Stable, Discriminative Distances on Reeb Graphs and Merge Trees

Abstract

Topological Data Analysis provides us with low-dimensional, topological descriptions of various types of datasets. Recently, the graph-based descriptors -- specifically Reeb graphs and merge trees -- have garnered a lot of attention due to their low-dimensional yet rich representation of scalar fields. Researchers have constructed distances between these graph-based descriptors to 1) show that the Reeb graph is stable under perturbations of the underlying dataset and 2) to provide a measure for similarity between the underlying scalar fields. Chapter 3 of this dissertation is devoted to a thorough overview of the existing landscape of Reeb graph metrics. We provide an exhaustive list of properties which these distances exhibit as well as a set of detailed examples so that new researchers to this field may be able to better understand how these distance operate.
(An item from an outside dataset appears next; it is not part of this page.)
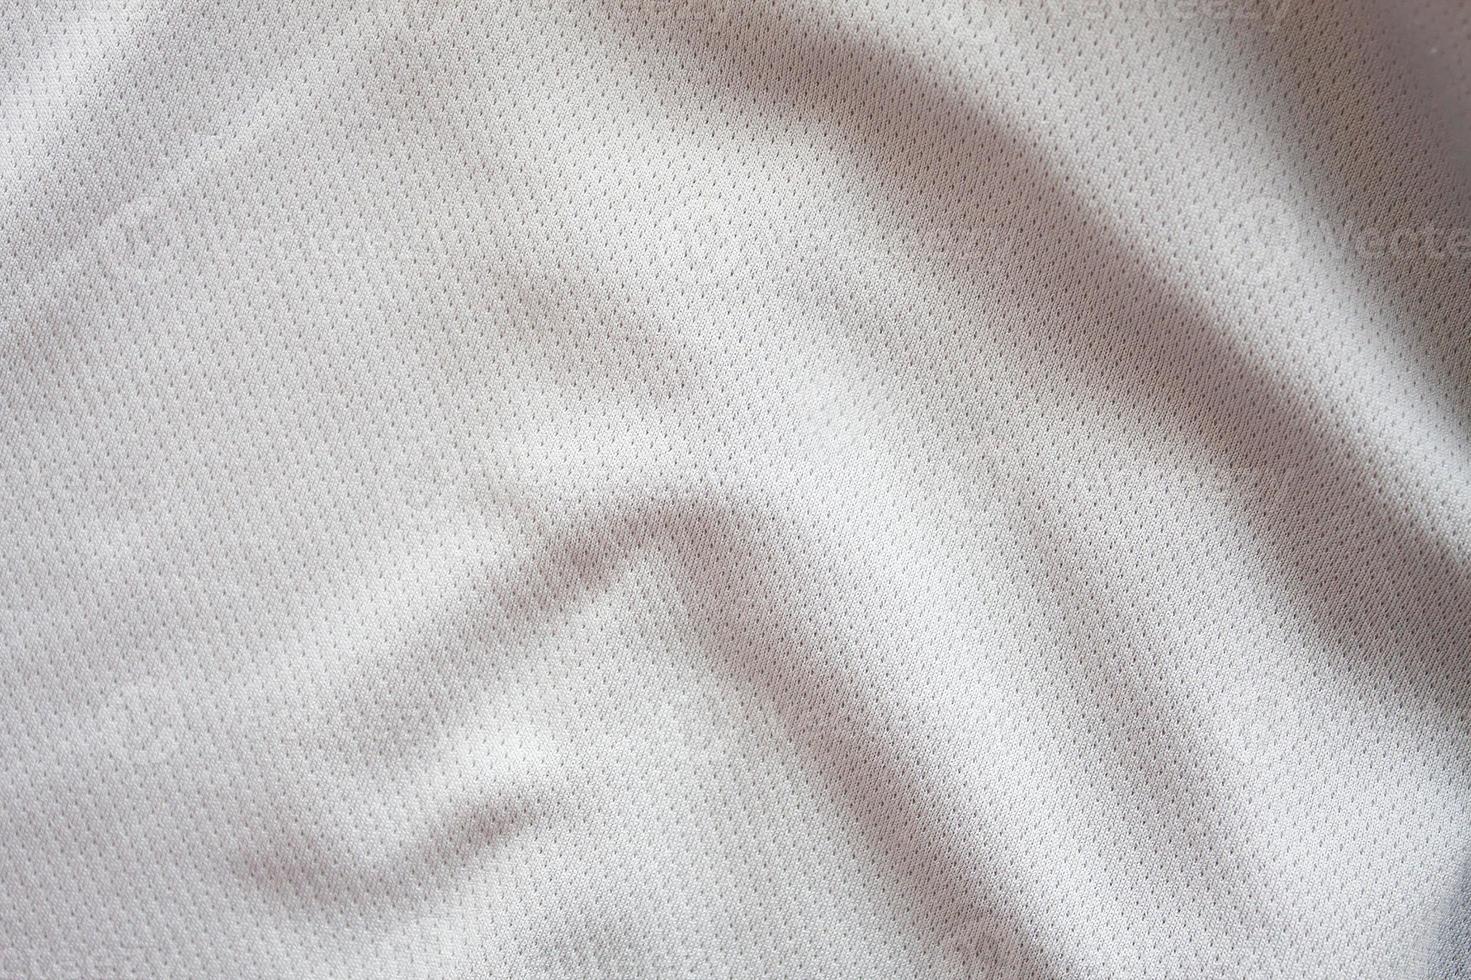 gros plan de maillot de football texturé blanc photo

To our discontent, the desirable properties of these distances make their computation complex. In contrast, other researchers have designed distances between these descriptors which loosen the restriction on stability; in turn constructing similarity measures between scalar fields which are computable. Chapter 4 is devoted to the construction of a novel distance on merge trees which we show experimentally exhibits stability and discriminativity to the well-studied bottleneck distance. We discuss the computational hurdles that we face in order to construct a distance which exhibits all the desired properties along with an accompanying algorithm of our distance. We show the application of our distance in settings where the number of vertices is small. This setting is made practical with the property that persistence simplification by $\varepsilon$ increases our distance by at most half of $\varepsilon$. Lastly, Chapter 5 is devoted to the construction of disjoint deformations -- transformations which we can apply to a source Reeb graph to construct a sequence of Reeb graphs where the pairwise distance between elements of the sequence is known.